APPEAL by the plaintiffs from Parker, J., at November Term, 1935, of FRANKLIN. Affirmed.
W. L. Lumpkin and Thos. W. Ruffin for plaintiffs, appellants.
Douglass Douglass for defendant, appellee.
The two cases were consolidated for the purpose of trial.
The picture presented by the record, when the evidence is interpreted most favorably to the plaintiffs, is that on the night of 24 November, 1934, about 8 o'clock, the driver of a truck and trailer of the defendant came upon two cars which had become interlocked in a collision on the highway. The driver stopped the truck on the right-hand side of the highway, within 25 or 30 feet of the two interlocked cars, which were surrounded by several people who were endeavoring to extricate them and clear the highway.
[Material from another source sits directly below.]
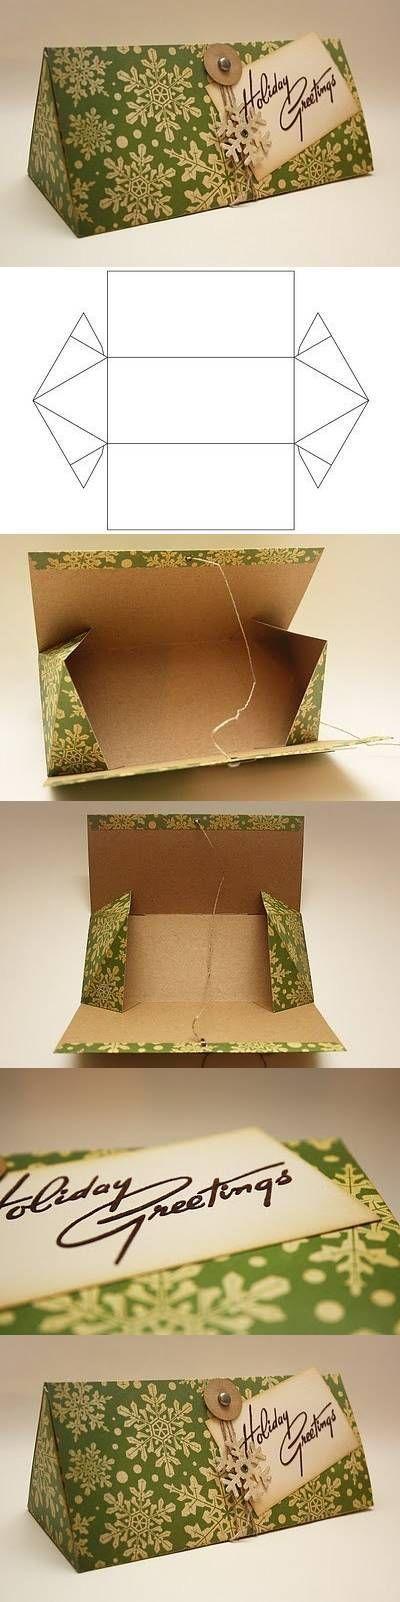 DIY Long Gift Box DIY Projects / UsefulDIY.com

Immediately upon stopping, or within a small fraction of a minute thereafter, a Chevrolet car driven by the intestate John C. Stallings and in which the intestate Armed W. Stallings was riding as a guest, ran into the rear of the defendant's trailer, causing the death of both intestates. The road for about 300 feet back of the trailer was practically straight and level. The driver of the Chevrolet was driving about 25 or 30 miles per hour and became blinded by the unusually bright lights of a Ford car coming from the opposite direction, and after being blinded continued to drive on at least 100 feet, to within 15 or 20 feet of the rear of the defendant's trailer, and then, upon first seeing the trailer, attempted to drive to the left around it, but was prevented from so doing by another car approaching from the opposite direction, and turned back to the right and ran into the rear of the trailer, which was properly lighted.
Upon the close of the evidence his Honor entered judgment as of nonsuit in each case, and in this action we see no error.
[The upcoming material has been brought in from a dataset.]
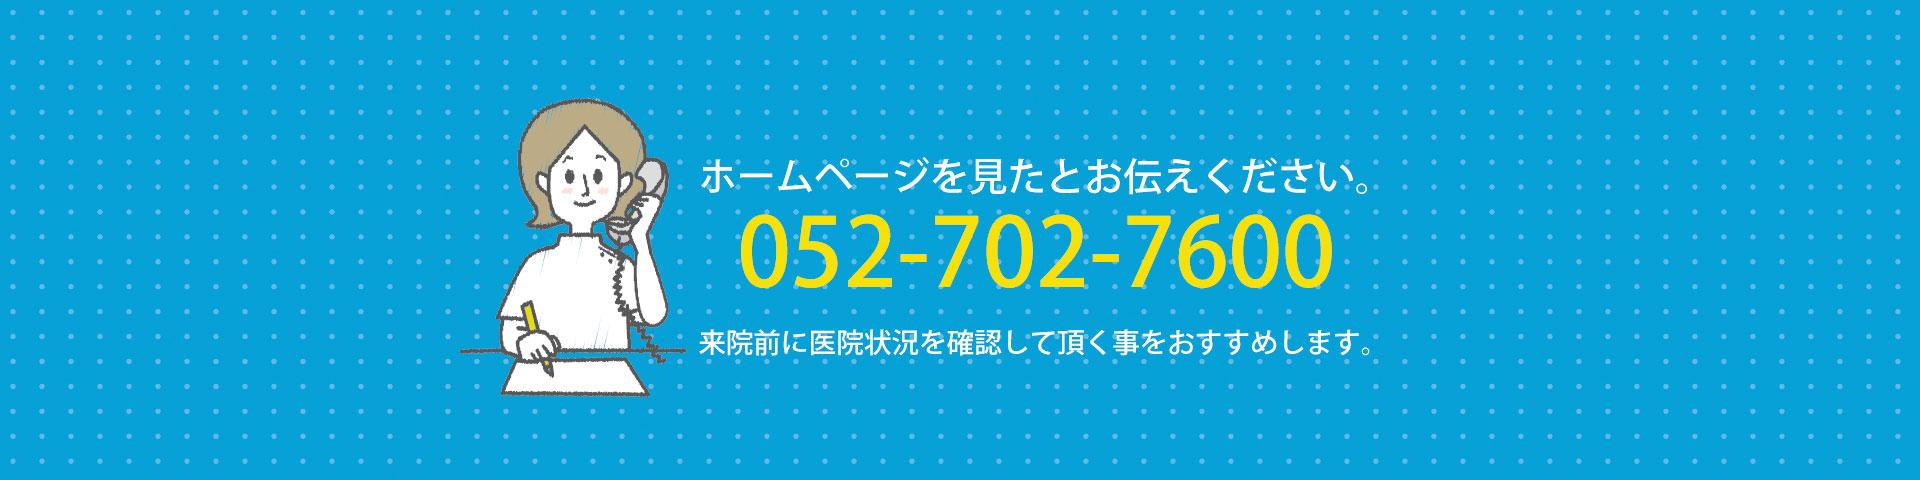 052−702−7600

We do not agree with the appellants that there was sufficient evidence to carry the case to the jury upon the theory that the driver of the truck violated the provisions of C. S., 2621 (66), governing parking on the highway. As was said by this Court, "This word (park) is in general use, with reference to motor-driven vehicles, and means the permitting of such vehicles to remain standing on a public highway or street, while not in use." S. v. Carter, 205 N.C. 761. ". . . . To `park' means something more than a mere temporary or momentary stoppage on the road for a necessary purpose." 42 C. J., 613. The fact that the trailer, according to some of the evidence, remained still for four or five minutes after it had been struck by the Chevrolet does not alter the legal result. We do not apprehend that it was the intention of those who drafted the statute to make it a violation of law for a driver of a heavy truck and trailer to stop on his right-hand side of the highway before driving around or by two cars interlocked in a collision on the highway, and around which a number of people were working.
While this was indeed an unfortunate tragedy, resulting as it did in the death of two young men of high character and great promise, we concur in the conclusion of his Honor that the record fails to disclose that it was proximately caused by the negligence of the defendant.